Sind Ihre Inhalte CME-zertifiziert?
Zum Teil. Die Ärztekammern haben immer noch einen sehr traditionellen Zertifizierungsrahmen und -prozess. Häufig bedeutet das, ich muss ein Webinar, das mindestens 45 Minuten dauert, machen, um CME-Punkte zu bekommen. Für uns hat sich daher die Frage gestellt, ob wir Content generieren, der für die Zertifizierungsstellen gemacht ist, oder ob es Content sein soll, der für die Ärzteschaft gemacht ist. Wir sind sehr aktiv dabei zu schauen, wie wir es in den Ärztekammern vorantreiben können, dass diese beiden Aspekte kompatibel werden. Wir glauben nicht daran, dass nur Zeit ein Treiber ist, Fort- und Weiterbildung effektiv zu gestalten, sondern der Content muss stimmen.
Teilweise haben wir auch längere Formate, die man sich wie eine Staffel auf Netflix vorstellen kann. Es sind mehrere kurze, kompakte Videoformate zu einem Thema, die aufeinander aufbauen, und auf so eine Reihe können wir dann auch CME-Punkte geben. Das größte Engagement bekommen wir aber immer auf den kurzen, kompakten einzelnen Videos, denn es hat niemand die Zeit, lange Formate anzusehen. Und das ist auch das, wofür wir stehen: Wir verstehen, wie Content im digitalen Raum aufbereitet sein muss, um das bestmögliche Engagement in der Ärzteschaft zu kreieren. Das hat für uns Vorrang gegenüber einer CME-Zertifizierung.
Sie sagten, dass es kein Problem sei, die Videos in andere Sprachen zu übersetzen. Verbreiten Sie diese auch schon international?
Zurzeit liegt unser Fokus noch ganz klar auf Deutschland. Medudy gibt es ja noch nicht sehr lange. Wir wollten erst einmal eine Basis in Deutschland schaffen und den Content evaluieren um zu schauen, was funktioniert und was nicht. Jetzt wird es für uns aber auch darum gehen, global zu wachsen. Hier sind wir bereits in Gesprächen mit möglichen Partnern – wissenschaftlichen Fachgesellschaften, die sehr international aufgestellt sind. Wir unterstützen aber auch Partner mit unserer Contentlösung, wenn beispielsweise globale Teams daran interessiert sind, ihre Informationen so einfach und so wenig kostenintensiv wie möglich in die lokalen Teams zu skalieren.
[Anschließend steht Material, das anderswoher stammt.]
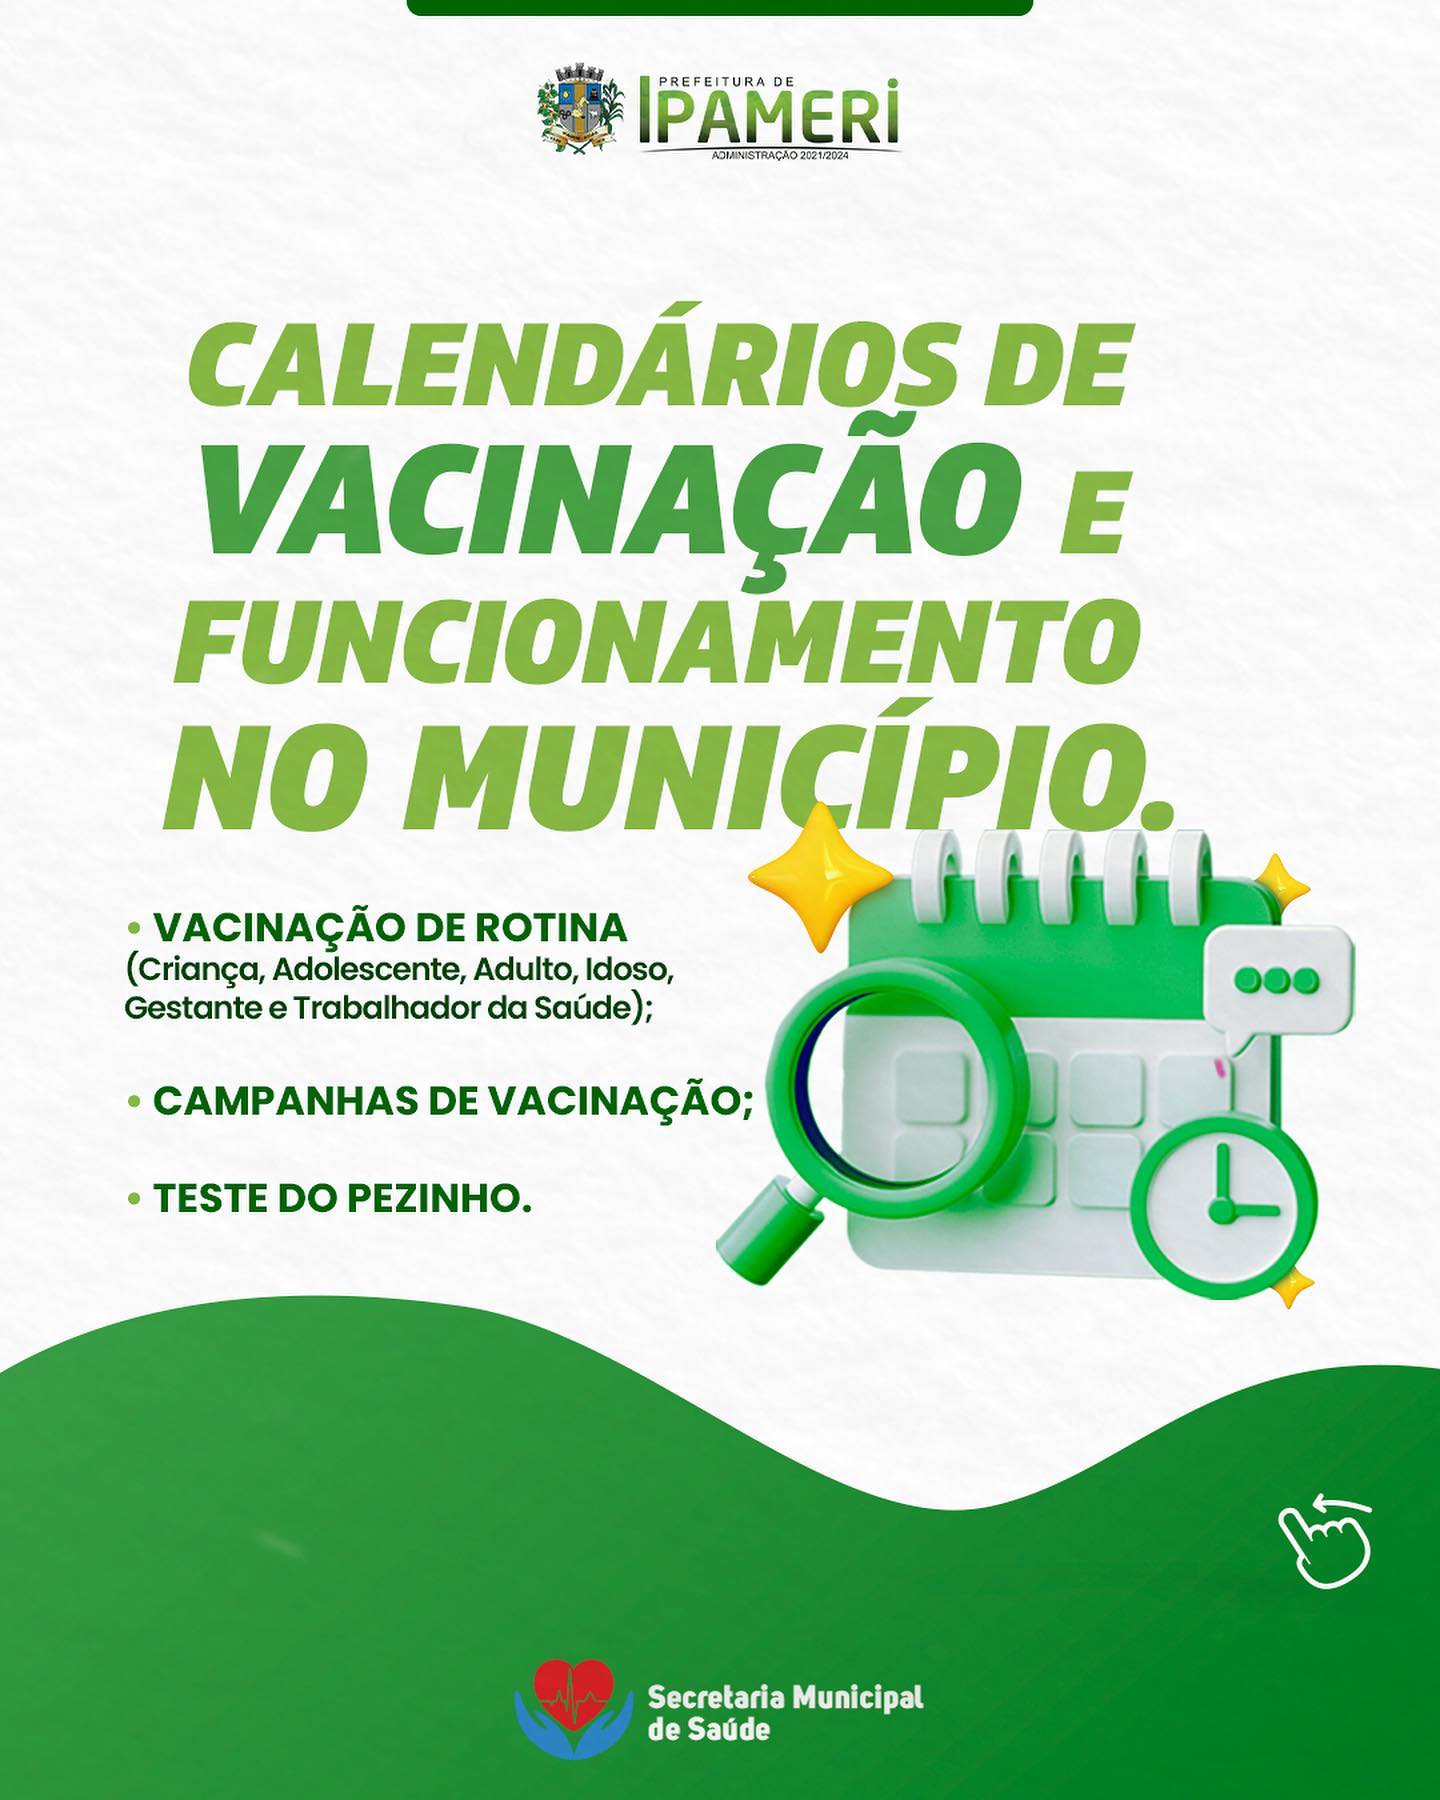 A Prefeitura de Ipameri preparou um calendário de vacinação e funcionamento no município

So etwas ist für uns natürlich auch ein Thema: Wie können wir diesen KI-gestützten Content-Generierungsprozess nutzen, um nicht nur für uns schneller Content zu generieren und in mehrere Sprachen zu bringen, sondern auch um deutlich kosteneffizienter zu arbeiten?
Gibt es für die Nutzer der Medudy-Plattform auch die Möglichkeit zur Interaktion mit Ihnen oder mit dem Sponsor des jeweiligen Videos?
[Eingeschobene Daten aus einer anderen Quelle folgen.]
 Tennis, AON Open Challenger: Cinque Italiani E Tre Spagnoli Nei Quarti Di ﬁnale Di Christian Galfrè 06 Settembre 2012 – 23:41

Jedes Partnerunternehmen hat auf medudy.com einen eigenen Kanal, so ähnlich wie bei YouTube. Hier besteht auch die Möglichkeit, mit dem Unternehmen in Kontakt zu treten und zum Beispiel Fragen zum Content zu stellen. Unser Ziel ist, es, den Austausch zwischen dem Arzt und dem pharmazeutischen Unternehmen noch weiter zu fördern. Dafür sind einige Features bereits in Arbeit. Wir selbst interagieren ebenfalls viel mit den Ärztinnen und Ärzten. Wir machen regelmäßig Umfragen, um immer besser zu verstehen, welche Art von Content sich die Ärzte wünschen. Das ist die größte Herausforderung: Wie in der gesamten Gesellschaft verändert sich auch im Gesundheitsmarkt das Informationsverhalten kontinuierlich – und es gibt immer mehr Content im digitalen Raum. Wir müssen schauen, wie wir dennoch Aufmerksamkeit für die Inhalte unserer Partner schaffen können.
Vielen Dank für das Gespräch, Herr Stockmar.